This is a general guide to the data and figures on fiddler crab size on the site. At this time size is presented as carapace width (or breadth). This is either measured as the maximum breadth of the carapace or the distance between the tips of the antero-lateral angles; usually (although not always) these are the same thing, although the difference is always minor when there is one. All measurements are presented in millimeters (mm).
For each species, the bottom part of its size page lists all of the data values, including source. In some cases data was extracted from figues (should be indicated in the notes). The data for each species can also be downloaded as a tab-separated text document. The top of each page begins with a graphical illustration of all of the data, including a summary figure which integrates all of the data into a single estimated distribution. Different types of data are displayed in a different manner in the figures, and are described below.
As a general rule, data are added to the figure from the bottom up. Blue data points and images refer to male data, red refers to female data, and black refers to mixed/combined/sex-unspecified data. Male data and female data are always plotted separately, except when combined into the summary distribution (black) at the top of each figure.
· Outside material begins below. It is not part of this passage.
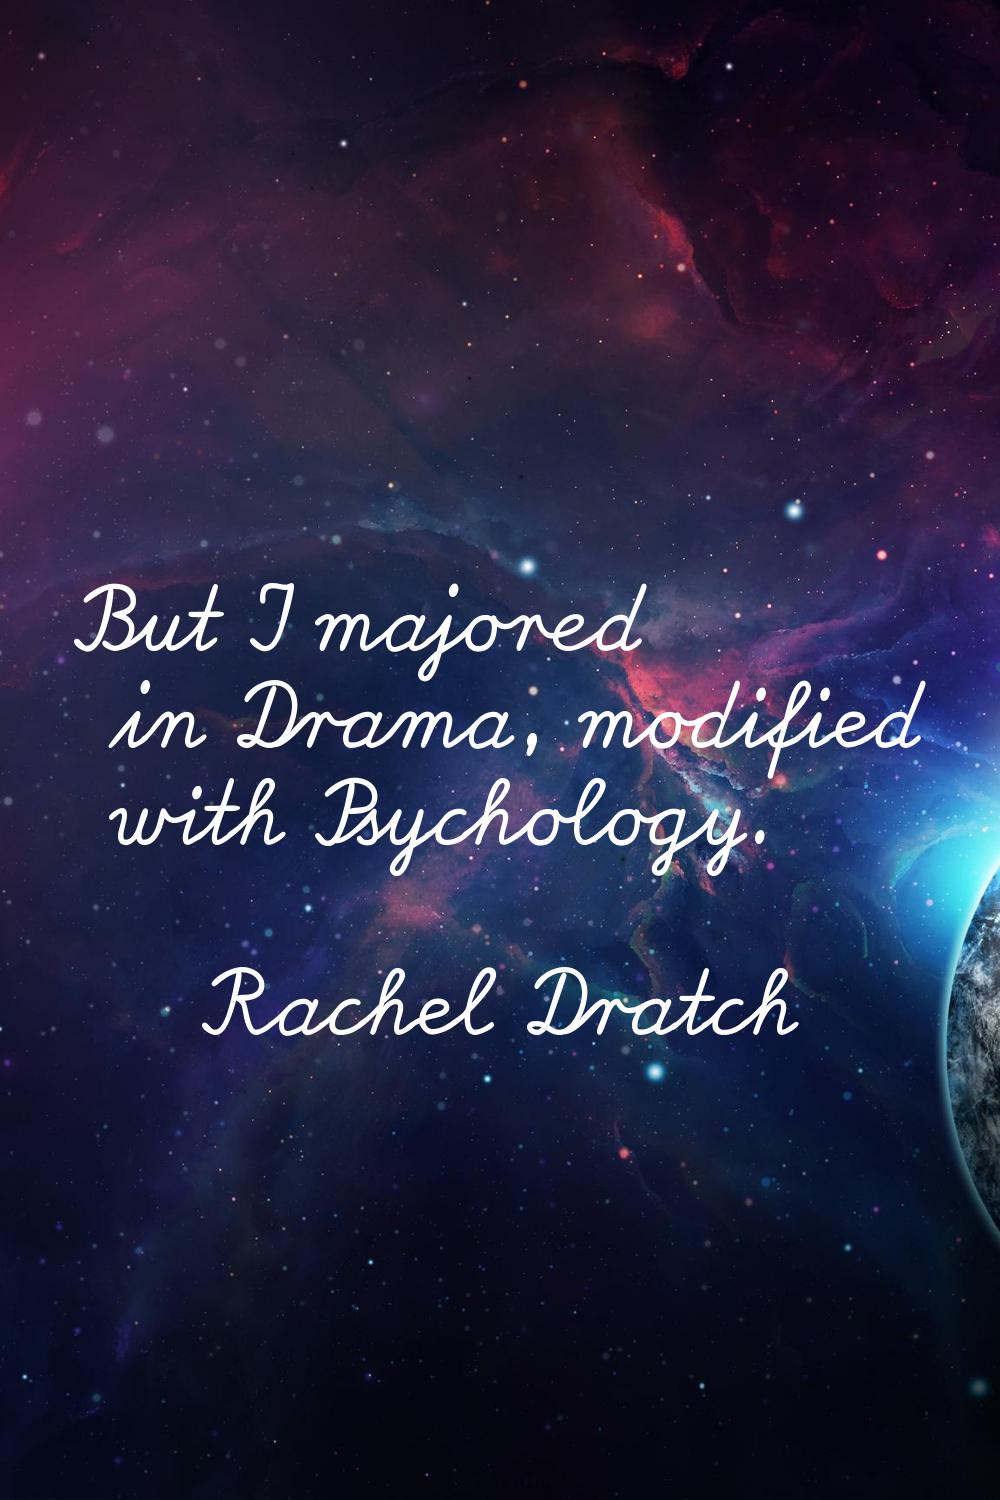 But I majored in Drama, modified with Psychology.

The most sraight-forward data are direct measurements of individuals. These are graphically displayed as round points at the bottom of each figure. The vertical shifting of the points is meaningless, arbitrary noise used to help better display the density of similar measurements.
Range data represents the largest and smallest values for a group of individuals, including sample size when available. When unavailable, the sample size was assumed to be 2 as this is the miniumm number necessary to create a range. Ranges are drawn as horizontal lines with vertical endcaps representing the minimum and maximum widths. Each range is drawn separately; sample size is not indicated on the graph (but is in the data table).
Means represent average sizes of a sample. Reported means may include sample size, standard deviation, standard error, and even minimum and maximum values. Sometimes they include none of these (in which case the sample size is assumed to be 1, i.e., equivalent to an individual. Each combination of data reporting is listed in a separate data table. Visually, means are drawn on the figure as diamonds, each on it's own line. A 95% confidence interval is included when an SD or SE is available. If both SD and min/max are available, the figure includes both a thicker line indicating the 95% CI and a thinner line with vertical endcaps indicating the maximum and minimum values.
Occasionally a size distribution is available as a histogram. In this case, the data is presented as the min and max of each histogram bar and the sample size (height) of the bar. Bars for the same histogram are labeled in the data by a unique set name. Histograms are drawn on the figure as standard histograms, except that each unique histogram is scaled to the identical maximum height, thus the drawn histograms can be used for general distribution comparison but do not indicate the case where one may be based on a much larger sample than another (all sample sizes are part of the data table).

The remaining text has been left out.